Antonacci began with “Mandoline,” by Debussy. It was passable. The voice showed a lot of mileage on it. I thought, “I’ll stay for the first half of the recital and write a perfunctory paragraph in my chronicle.” But then something happened: Antonacci drew you in, with rare interpretive artistry. You could overlook every vocal or technical imperfection. Indeed, they were irrelevant. Antonacci was communicating the truth behind the songs. They had their maximum impact, in their music and their words. Also, she was not really singing art songs. She was singing songs, plain and simple. There was no real wall between the classical and the popular. Often, you heard touches of the cabaret, perfectly appropriate.

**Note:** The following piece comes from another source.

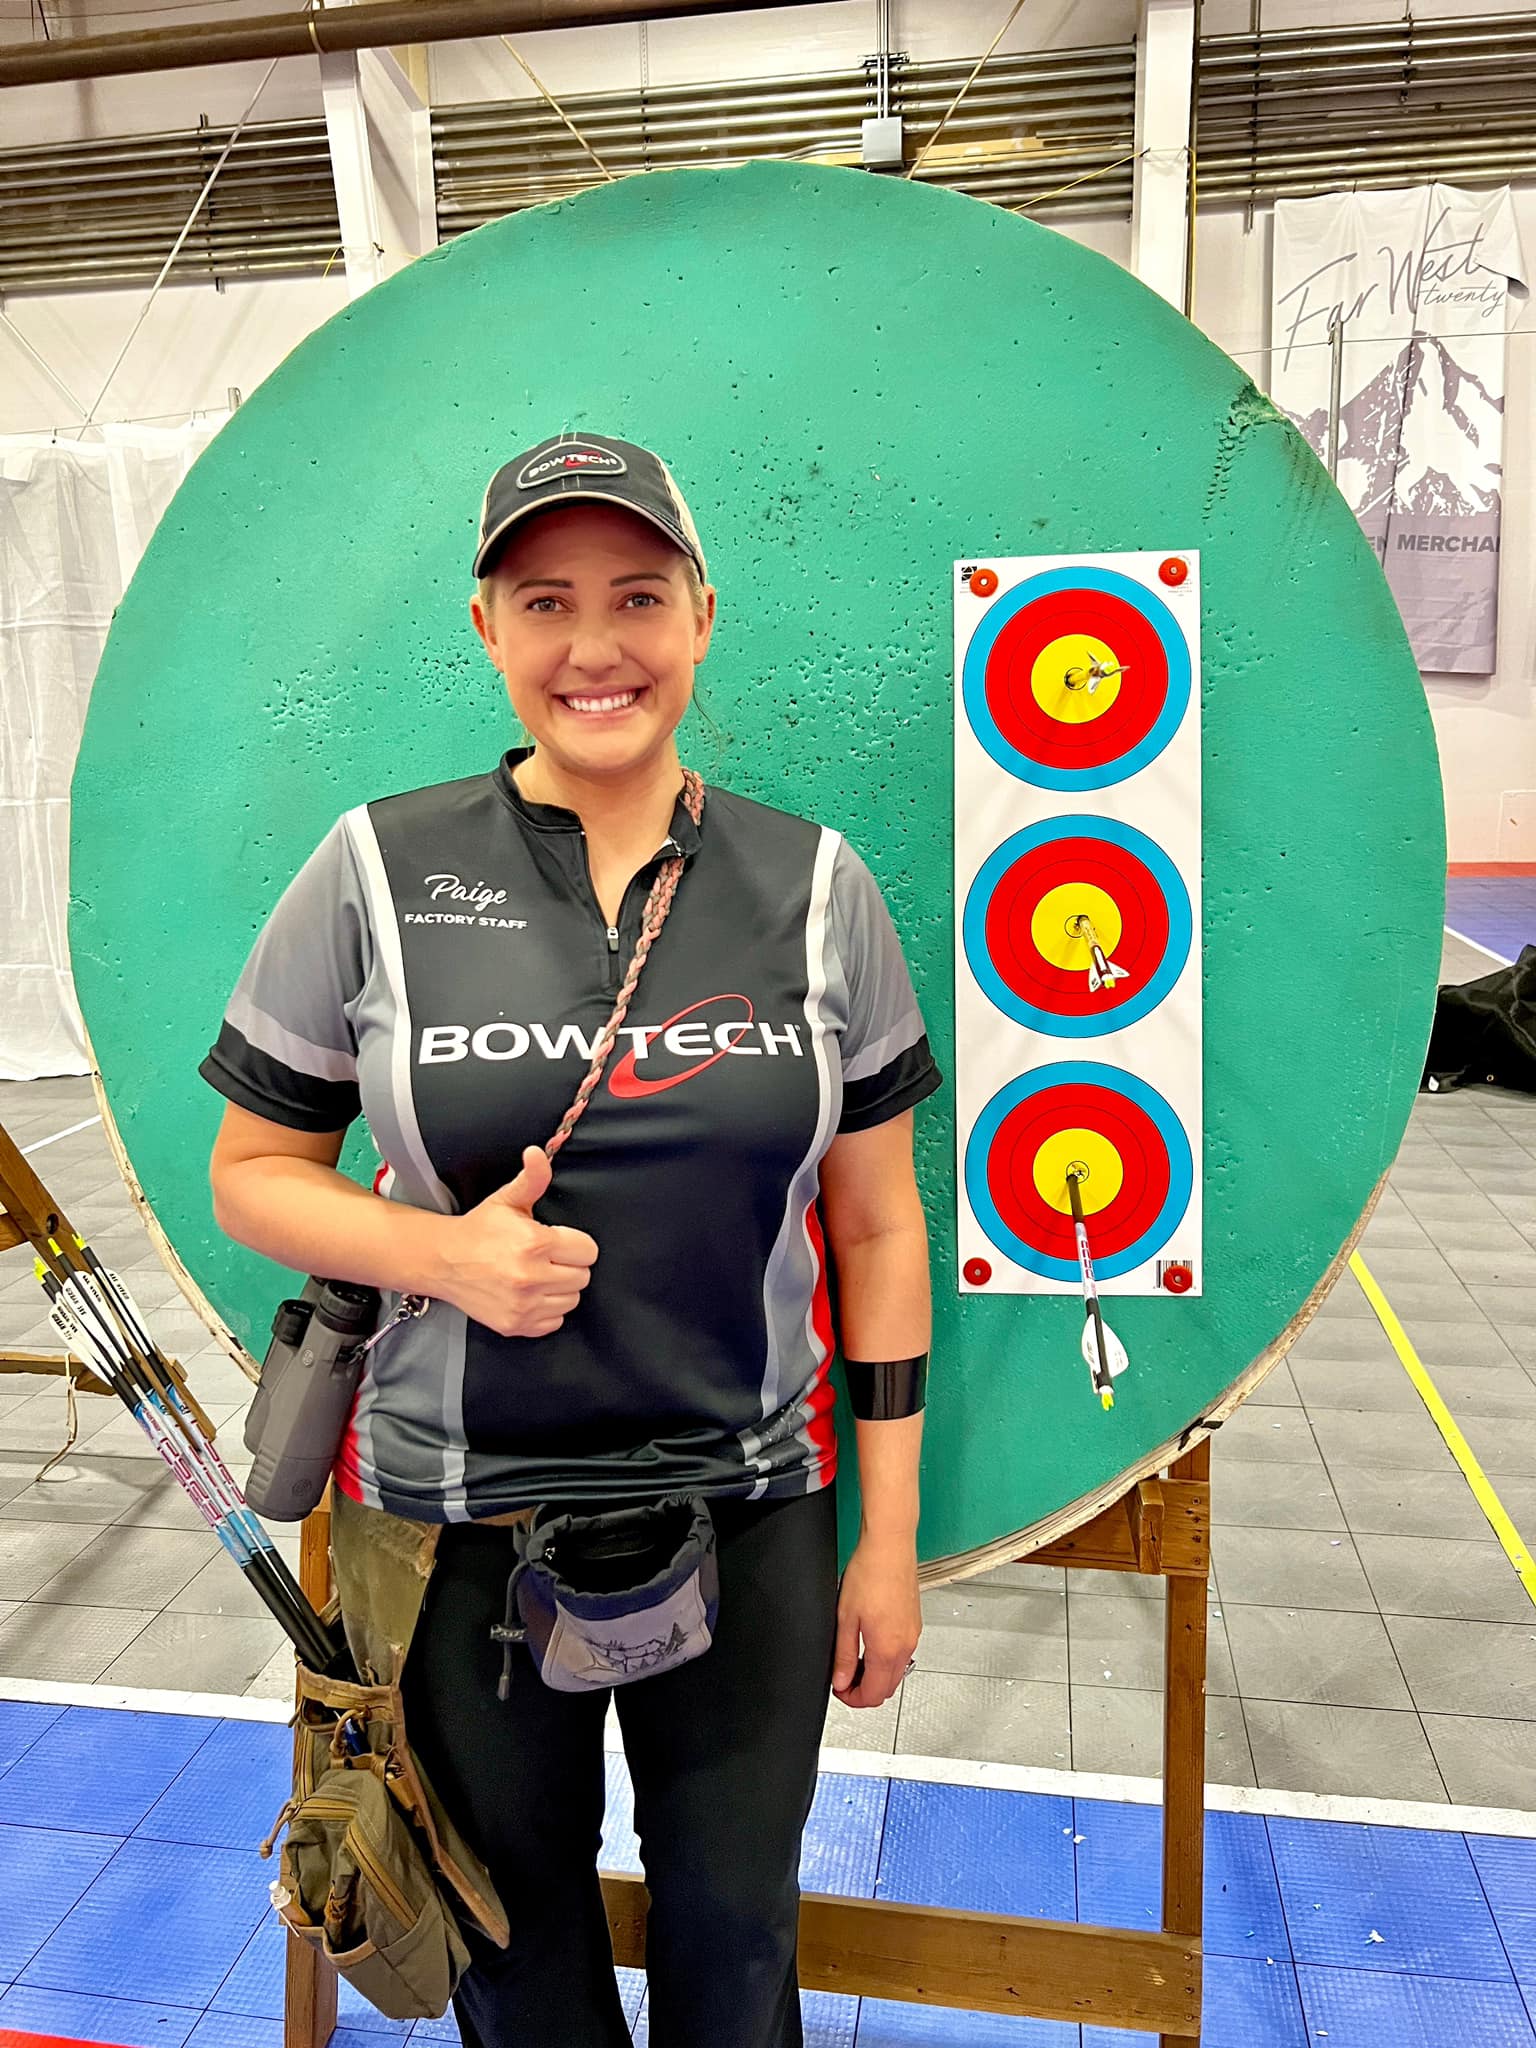 Paige Pearce Sets New Record at USA Indoor Archery Nationals

Respighi wrote a song called “Crepuscolo” (“Twilight”), to a poem by Antonio Rubino (1880–1964): “The day dies, and in the vast restless shade / A song of happiness trembles and saddens . . .” Antonacci was devastating in this moment. She obviously lives to communicate, in song.
I have said that she sang no opera—but, at encore time, the pianist started a familiar rhythm. Yes, it was the Habanera, from Carmen. Antonacci did not sing it according to Hoyle. Beckmesser, the fussbudget in Die Meistersinger, would have marked her down. But she sang the aria bewitchingly. It was on little cat feet. It prowled around, irresistibly. The Habanera was no longer a tired cliché but fresh and new. You got some of the thrill, perhaps, that you did when you first heard it.

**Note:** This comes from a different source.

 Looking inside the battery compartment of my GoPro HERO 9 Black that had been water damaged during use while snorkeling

In my business, you can get jaded and cynical. But then a Pahud or an Antonacci comes along and penetrates all that.
A concert of the New York Philharmonic began with an oomp, an obligatory opening modern piece. It was Dark Waves, by John Luther Adams, an American composer not to be confused with the aforementioned John Adams, father of Samuel. The title of the piece—not in all smalls!—tells the story. The listener hears dark waves, and sometimes they have a physical effect. They can numb and stun you, but perhaps not pleasantly. The cellists are sawing away, minimalistically. I thought, “That’s a lawsuit waiting to happen, in this day and age: repetitive stress syndrome and all that.” To my ears, Dark Waves does not hold interest, but there are other ears, fortunately.
On the podium was Jaap Van Zweden, the Philharmonic’s music-director-to-be. He will have to conduct a lot of new music if he wants to get along in this town—if he wants the critical press off his back, that is. He will have to eat his vegetables, pay his dues. It’s not enough to be a great conductor. You have to be seen as “advocating for” whatever is au courant.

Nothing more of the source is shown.